▶ _Directions for this task_
With the pictures omitted, write out all of the listing exactly.

▶ _Dataset excerpt_

# # # #

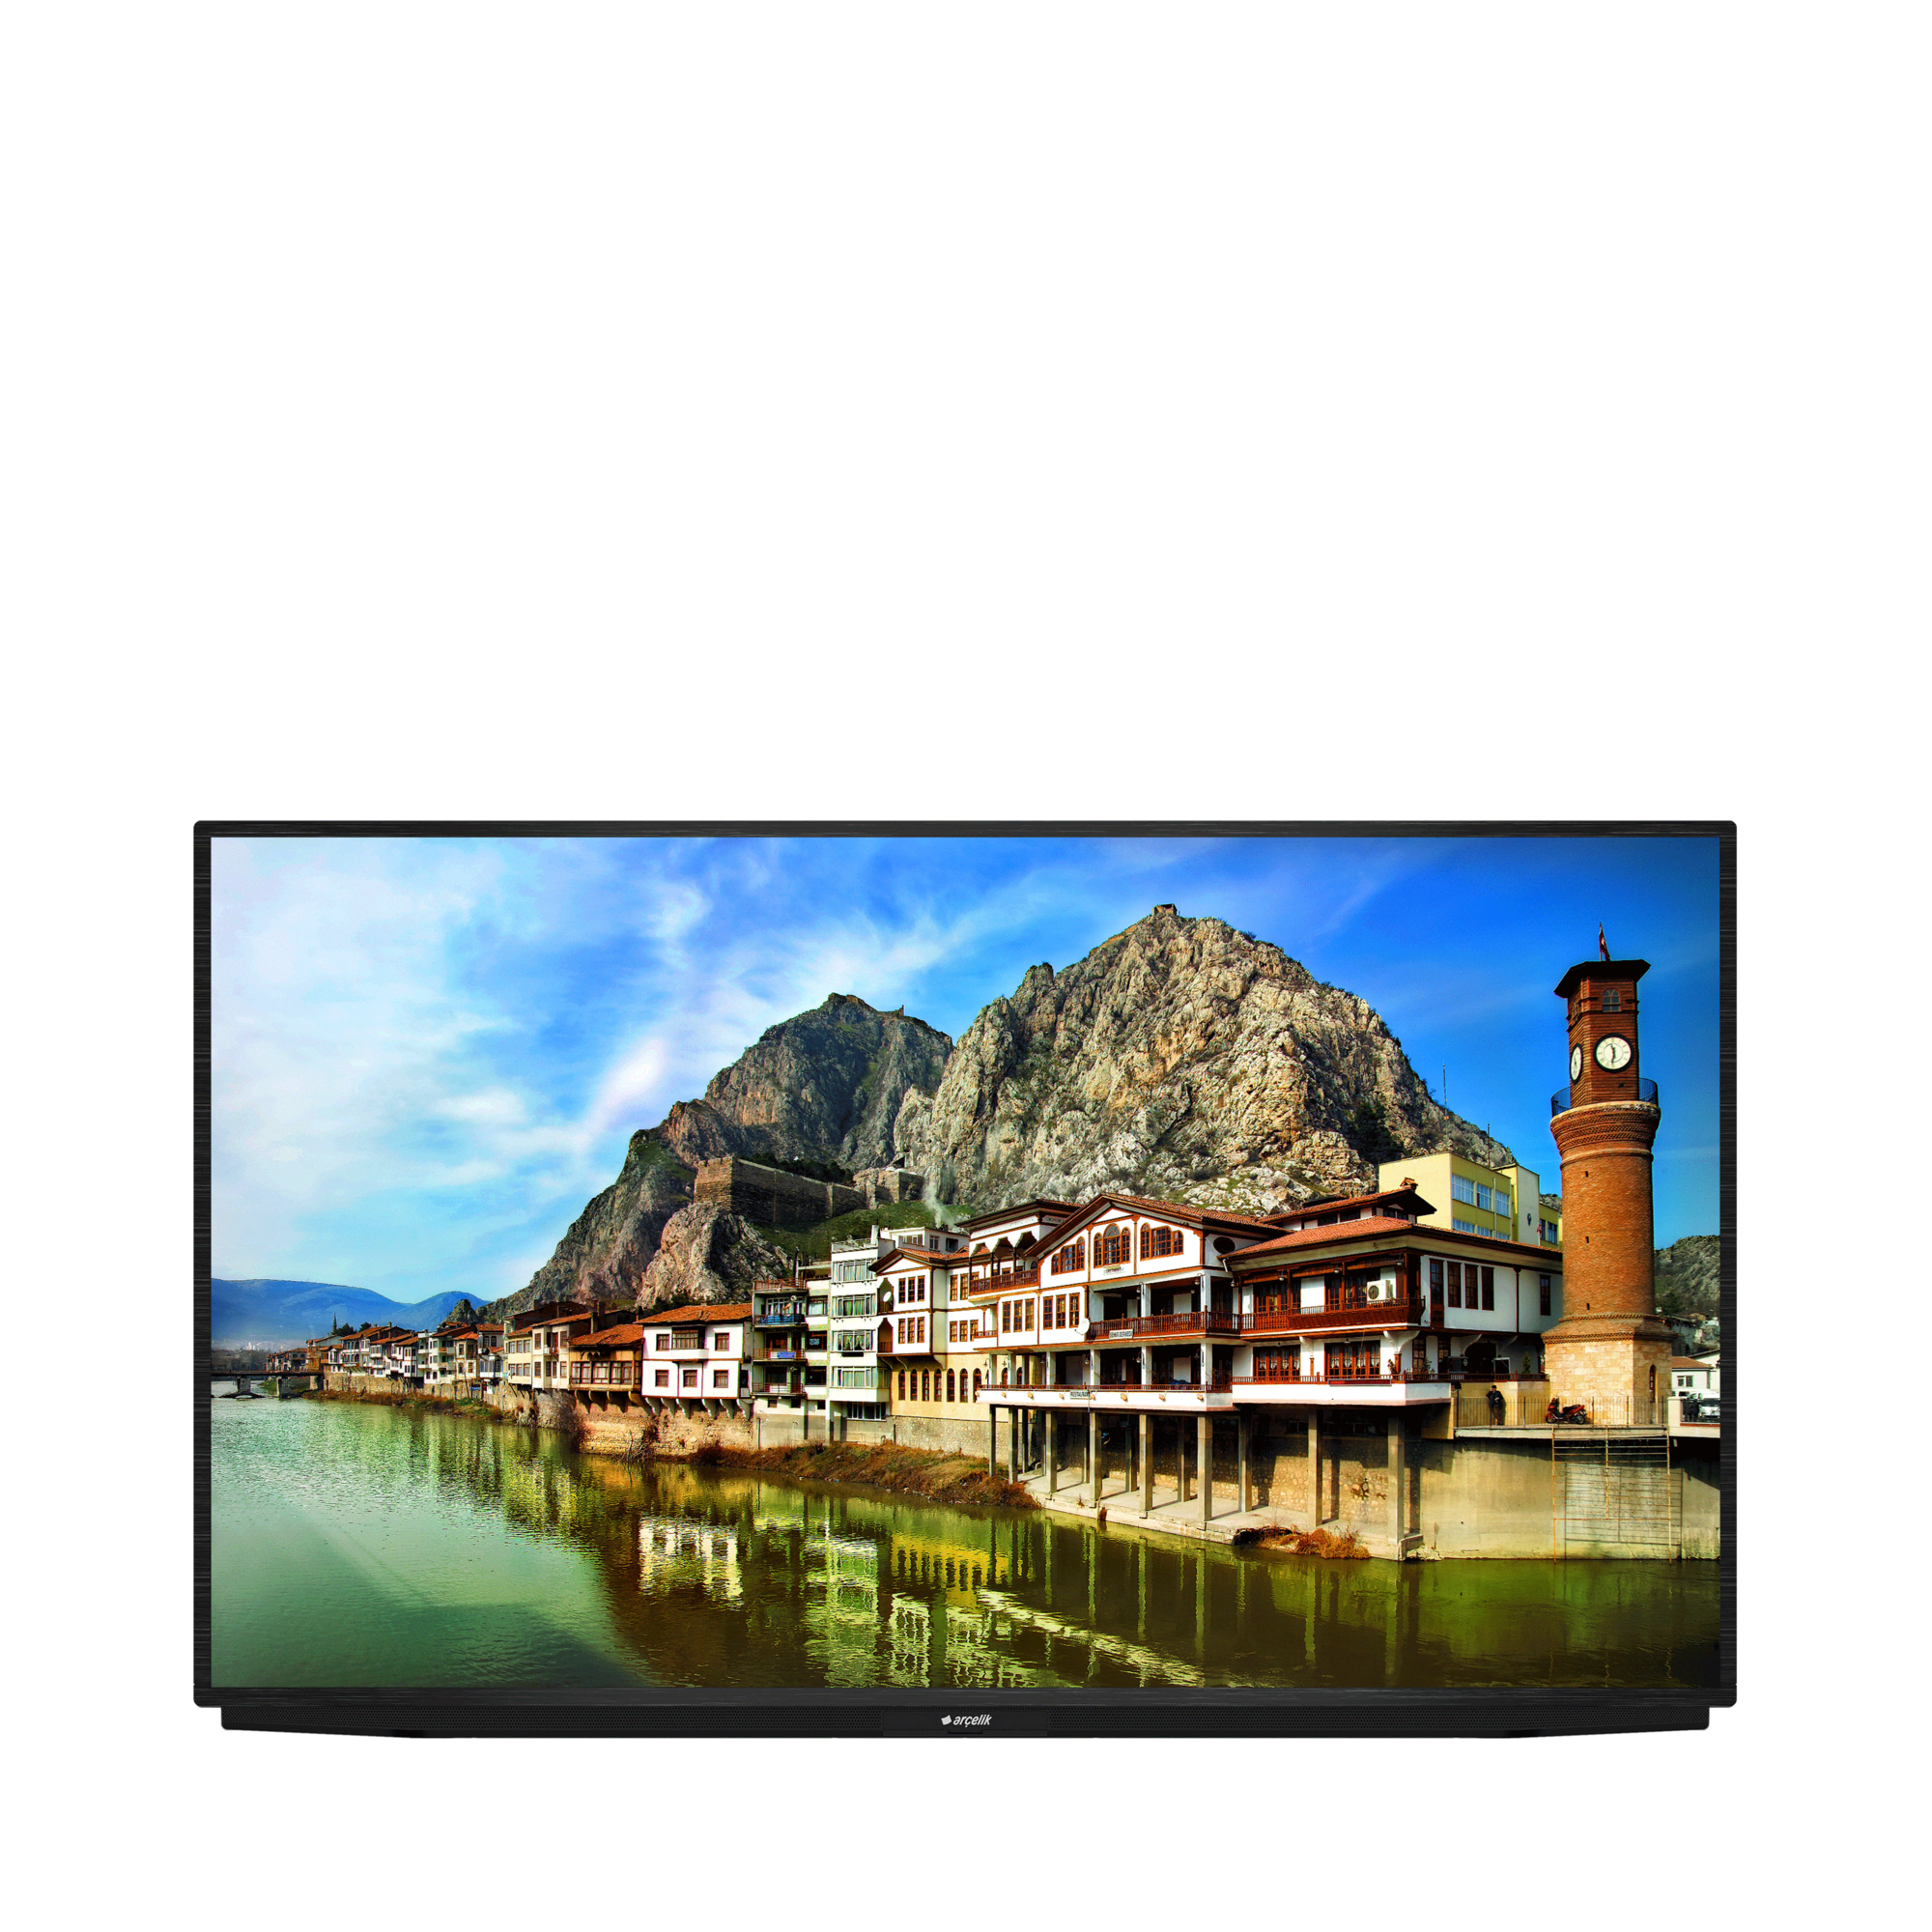 A43K 790G HOTEL TV LED & LCD TV
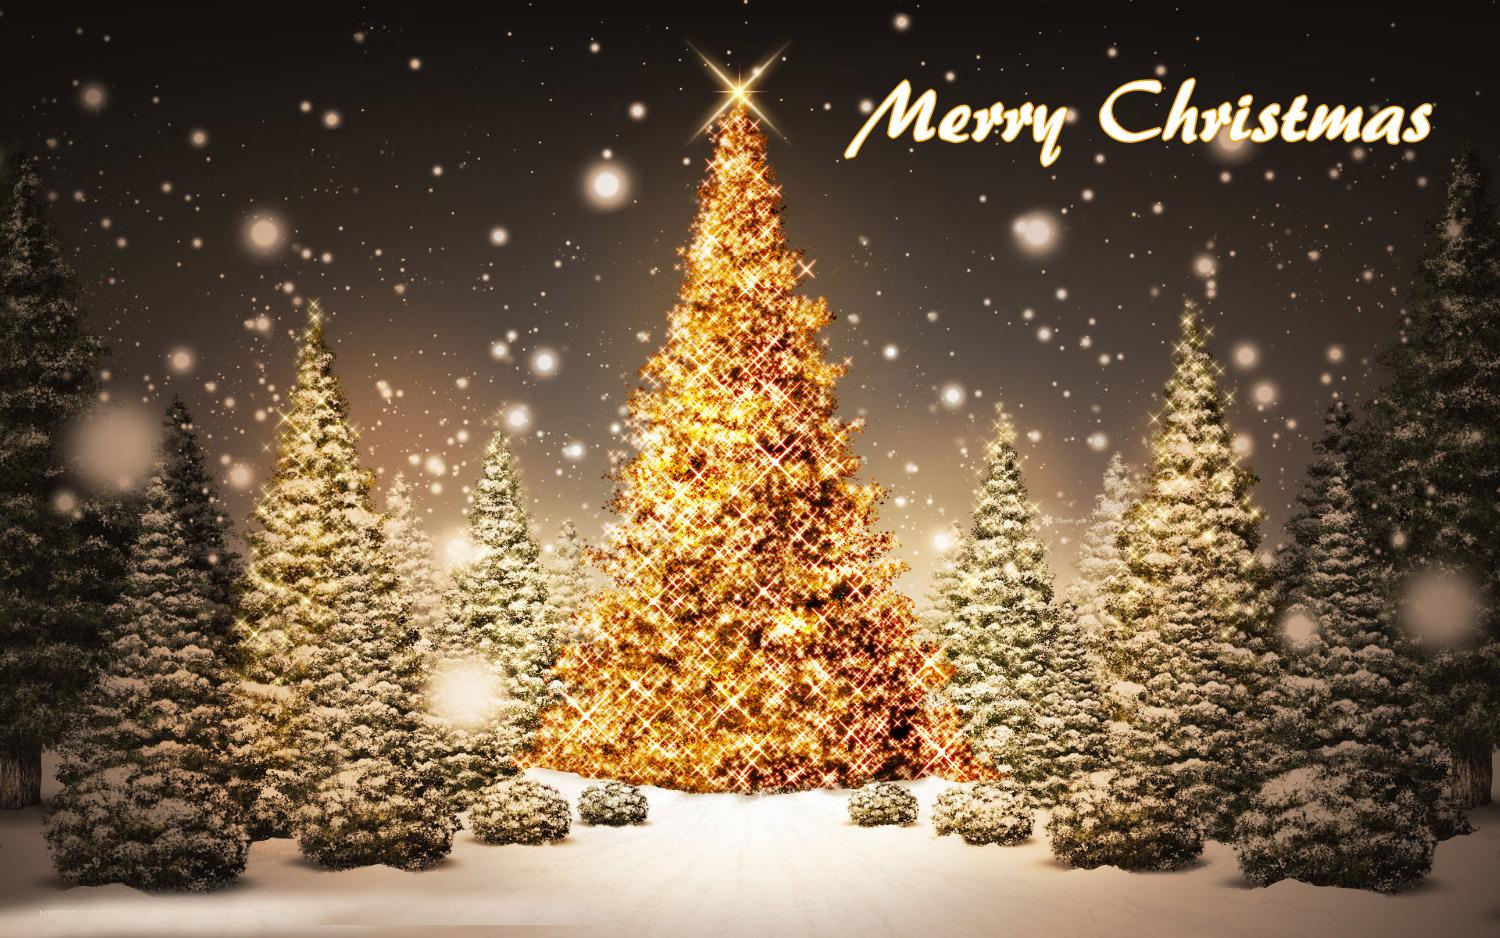 http://techbeasts.com/wp-content/uploads/2016/12/Merry-Christmas-Tree-Hd-Wallpaper-free-download.jpg
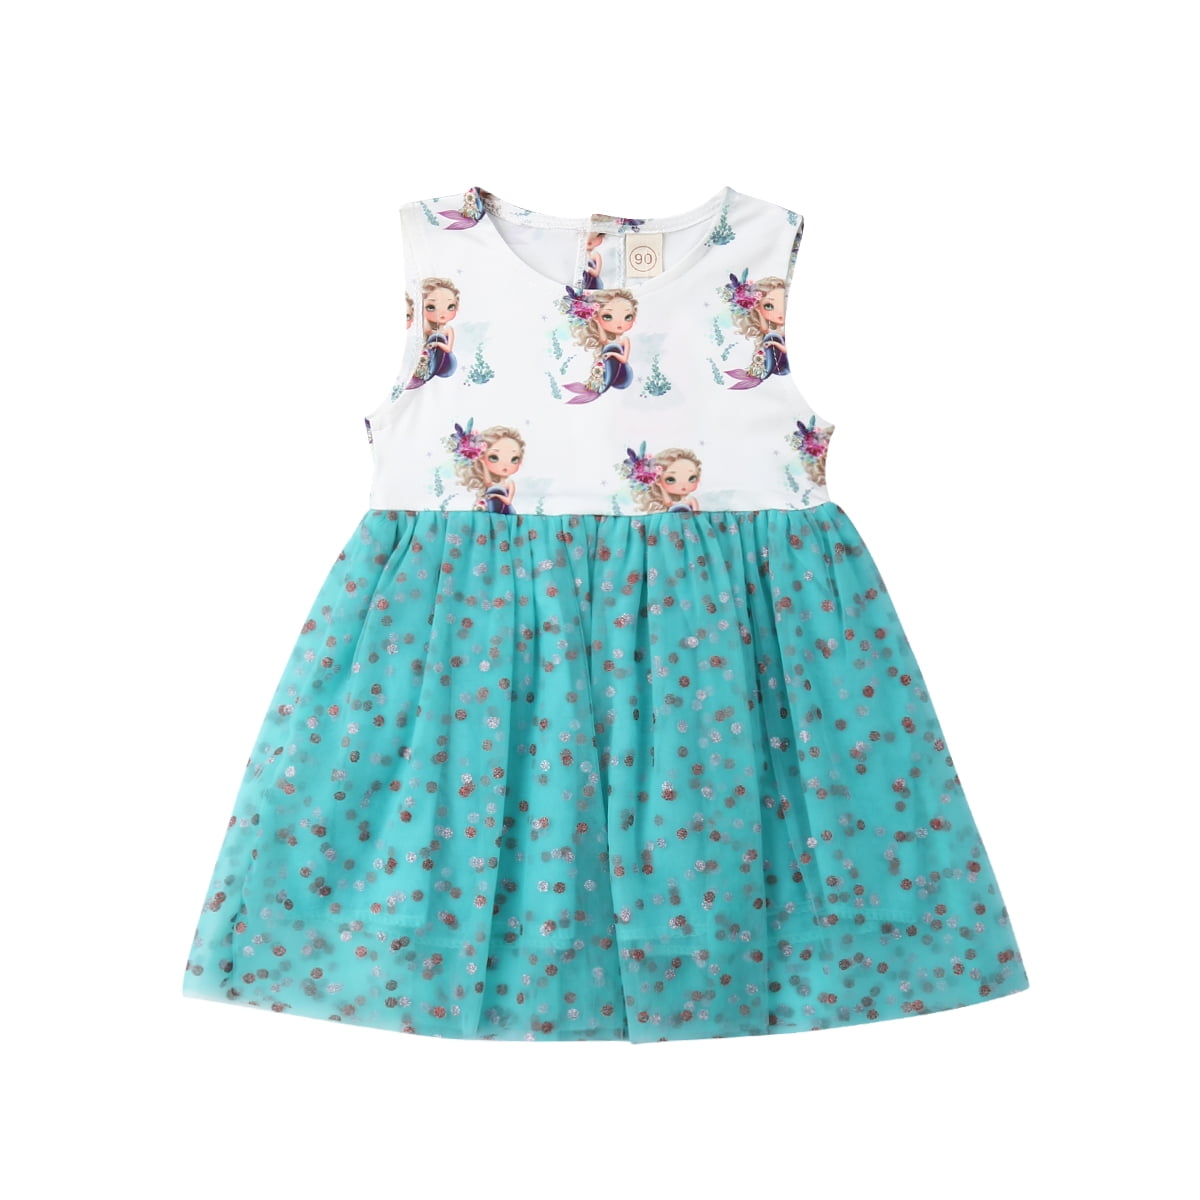 discount 97% Multicolored Desigual casual dress KIDS FASHION Dresses Print 
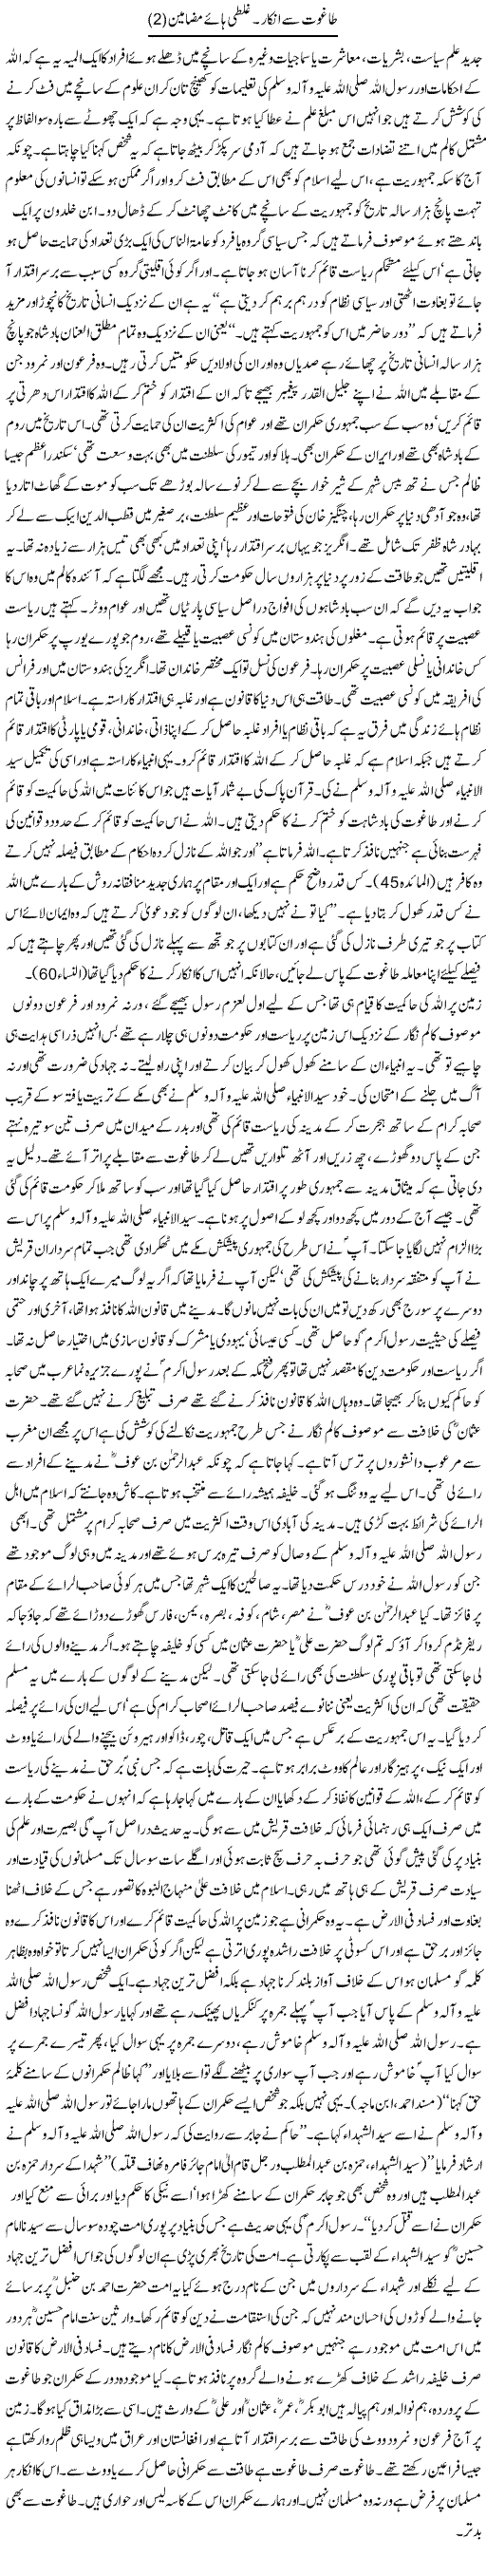 Taghoot se inkar. ghalti haae mazameen (2) | Orya Maqbool Jan | Daily Urdu Columns

# # # #

▶ _Task output_
 A43K 790G HOTEL TV LED & LCD TV
 http://techbeasts.com/wp-content/uploads/2016/12/Merry-Christmas-Tree-Hd-Wallpaper-free-download.jpg
 discount 97% Multicolored Desigual casual dress KIDS FASHION Dresses Print 
 Taghoot se inkar. ghalti haae mazameen (2) | Orya Maqbool Jan | Daily Urdu Columns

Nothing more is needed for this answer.